Irritated, he set it down. “You mean, burn it?” Coquina did that to meat, ruining it.
“Yes.”
“Why should I?”
“To make it edible!”
“It is edible!”
She sat down and leaned against the wall, her legs extended toward the water. They were different from his legs: less muscular, more rounded. Nice, in their way. “Please—can we cook it?”
“When we get to a firespout,” he said. His gaze followed her smooth legs up to their joining point, where instead of a genital there was a crease. For some reason, this intrigued him.
“All right,” she agreed with a little sigh. “A firespout.” Her tone suggested that he was being irrational.
Irritation warred with curiosity. “Let me see that,” he said.
“What?”
“That.” He poked his forefinger into her crease. He knew almost instinctively that he was acting improperly, but this only spurred him on. He was ready to block and jump if she attacked him; she was in an awkward position for combat, which was another factor he had considered. How fast and effective was she? “How are you made?”

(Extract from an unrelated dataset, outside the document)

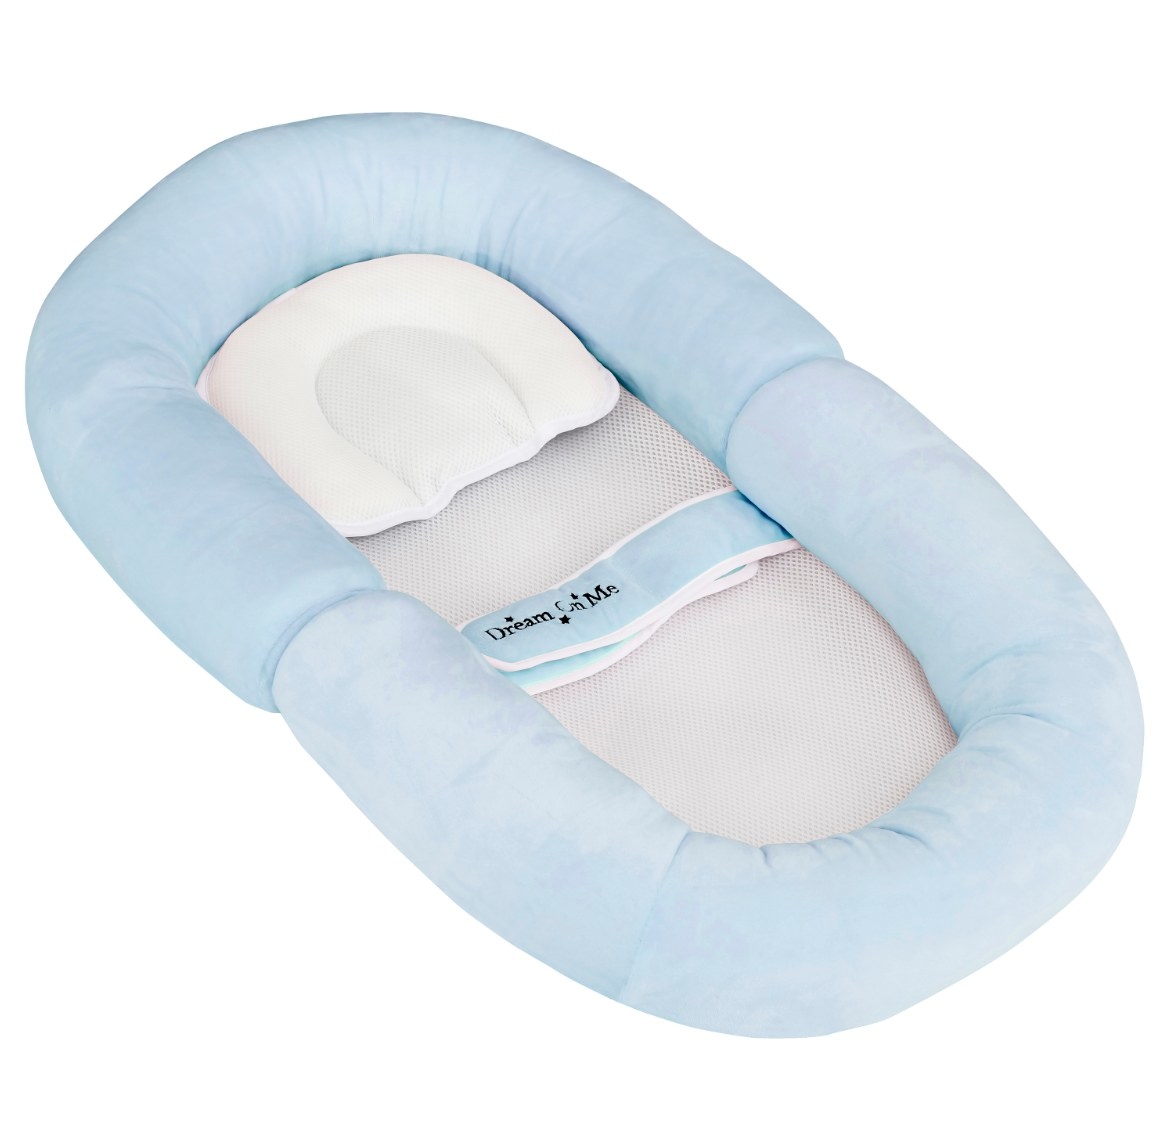 The Dream On Me portable lounger in baby blue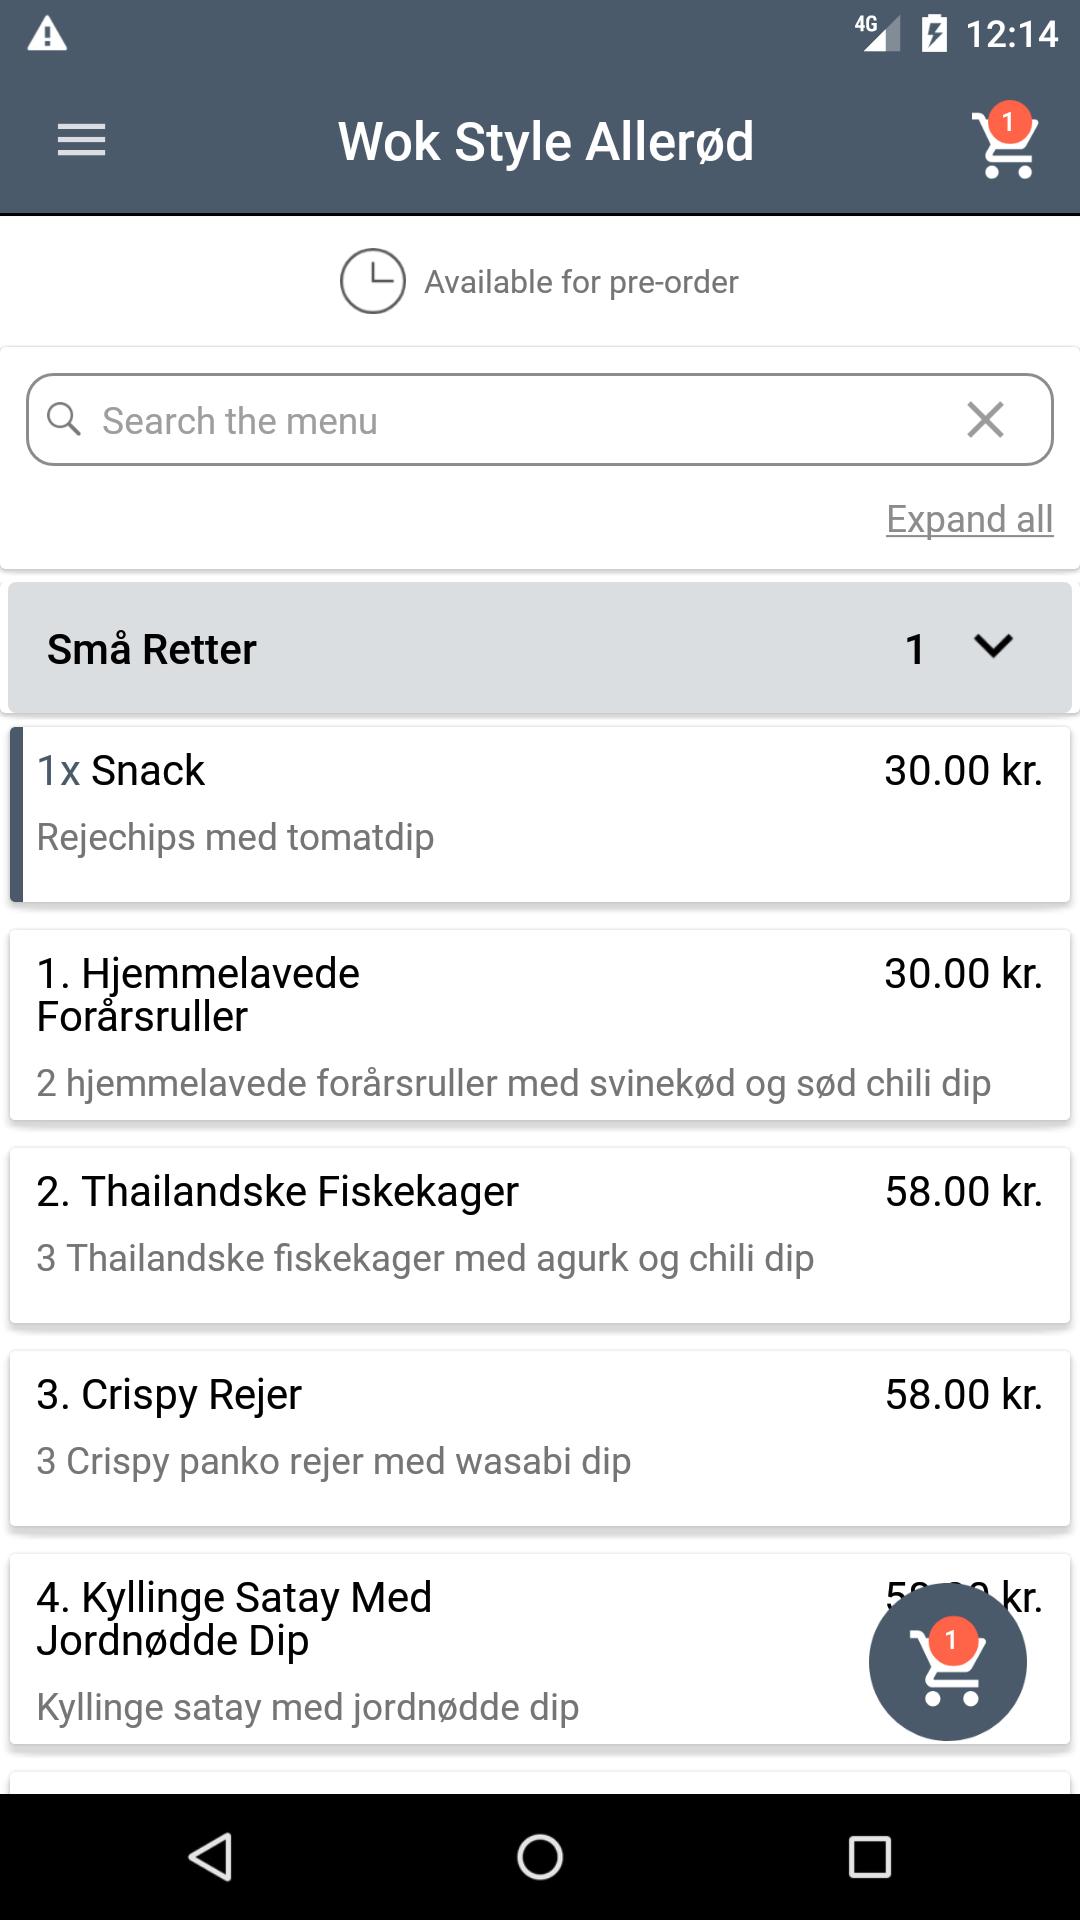 Wok Style Allerød for Android - APK Download

She did not protest. Her body was completely relaxed. “The same as any other girl.”
He probed until his finger touched the rock under her buttocks, but found nothing. “How do you urinate?”
“Do you want me to do it on your hand?”
“Yes.”
“I can’t. Let’s go find that firespout.”
Frustrated on several scores, he got up and headed for the nearest jet of flame. The feel of her strange, soft, inadequate anatomy had aroused an intense emotion in him, but he could find no clear expression of it.
“You never asked my name,” she said, following.
It hadn’t occurred to him to be curious about that aspect of her. “You never asked mine,” he said gruffly.
“What’s yours?”
“Arlo Five.”
“Hvee!” she exclaimed.
He stopped, surprised. “What do you know about Hvee?”
“Those number-names. They’re from Planet Hvee. Everyone knows that, because it’s the only place the hveeplant grows. And your name’s an A, so you’re of the firstborn line. You’re lucky!”
He was pleased. “My mother is Coquina Four, third line of a higher Family.”
“I guess that’s the nobility of Hvee. She must have been sad when you got convicted.”
“Convicted of what?”
“Of whatever it was that sent you to Chthon, silly! What was it?”
“I was never sent here! I was born here.”
“You don’t have to lie about it!”
“My whole family lives here. We’re not prisoners—we’re natives.”
She shook her head. “I haven’t been here long, but I know that nobody ever gets born here. There’s something contraceptive about the caverns. Too hot, maybe.”
“It’s not hot here by the river!”
She considered. “That’s right! The wind’s down, and there’re living things here. Breeding must be possible after all.” She looked up at him, her light hair flung back. “I’d like to meet your mother.”
“You can’t. You’re going back to the prison section where you got lost from.” But that made him think again. “What did a child like you do to get sent there? You’re unmarked.’’
“We never speak of our pasts,” she said diffidently.